TASK DETAILS:
All lines from the one containing "Kochi to Goa Tour - The Malabar Coast 6" through the end of the entries below should appear in the answer exactly, with no others.

BEGIN RECORDS FOR THIS TASK

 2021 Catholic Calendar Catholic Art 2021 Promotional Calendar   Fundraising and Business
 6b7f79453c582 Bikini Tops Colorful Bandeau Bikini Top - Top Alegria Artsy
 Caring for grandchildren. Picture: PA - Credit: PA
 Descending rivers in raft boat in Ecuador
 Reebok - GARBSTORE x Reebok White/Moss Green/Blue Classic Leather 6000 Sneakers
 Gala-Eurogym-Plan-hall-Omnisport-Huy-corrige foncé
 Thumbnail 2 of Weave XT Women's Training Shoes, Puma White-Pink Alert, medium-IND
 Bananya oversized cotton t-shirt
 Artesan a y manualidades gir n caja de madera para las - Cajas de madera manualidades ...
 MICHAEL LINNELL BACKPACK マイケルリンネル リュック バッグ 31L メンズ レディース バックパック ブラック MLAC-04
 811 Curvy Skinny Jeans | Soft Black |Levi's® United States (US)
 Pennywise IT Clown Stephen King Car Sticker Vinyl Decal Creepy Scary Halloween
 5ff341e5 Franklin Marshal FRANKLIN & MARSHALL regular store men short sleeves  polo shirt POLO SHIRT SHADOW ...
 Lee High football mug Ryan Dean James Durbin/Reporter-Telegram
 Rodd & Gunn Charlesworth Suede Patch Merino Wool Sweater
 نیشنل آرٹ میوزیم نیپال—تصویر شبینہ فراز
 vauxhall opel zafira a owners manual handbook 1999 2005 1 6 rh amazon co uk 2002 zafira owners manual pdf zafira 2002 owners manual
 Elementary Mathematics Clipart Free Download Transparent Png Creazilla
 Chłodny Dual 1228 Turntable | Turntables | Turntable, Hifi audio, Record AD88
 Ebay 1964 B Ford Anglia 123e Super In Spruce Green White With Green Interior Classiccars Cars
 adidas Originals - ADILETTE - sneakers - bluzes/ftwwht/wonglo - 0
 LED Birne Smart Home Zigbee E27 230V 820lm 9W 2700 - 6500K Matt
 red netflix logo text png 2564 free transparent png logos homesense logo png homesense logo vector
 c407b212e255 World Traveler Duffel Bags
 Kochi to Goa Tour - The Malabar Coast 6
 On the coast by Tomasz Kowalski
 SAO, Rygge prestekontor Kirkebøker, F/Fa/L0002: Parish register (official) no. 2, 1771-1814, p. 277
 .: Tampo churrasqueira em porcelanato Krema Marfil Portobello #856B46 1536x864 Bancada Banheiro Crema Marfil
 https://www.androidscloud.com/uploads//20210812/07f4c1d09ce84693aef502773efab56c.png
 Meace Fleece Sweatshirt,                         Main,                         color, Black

END RECORDS FOR THIS TASK

WRITTEN RESPONSE:
 Kochi to Goa Tour - The Malabar Coast 6
 On the coast by Tomasz Kowalski
 SAO, Rygge prestekontor Kirkebøker, F/Fa/L0002: Parish register (official) no. 2, 1771-1814, p. 277
 .: Tampo churrasqueira em porcelanato Krema Marfil Portobello #856B46 1536x864 Bancada Banheiro Crema Marfil
 https://www.androidscloud.com/uploads//20210812/07f4c1d09ce84693aef502773efab56c.png
 Meace Fleece Sweatshirt,                         Main,                         color, Black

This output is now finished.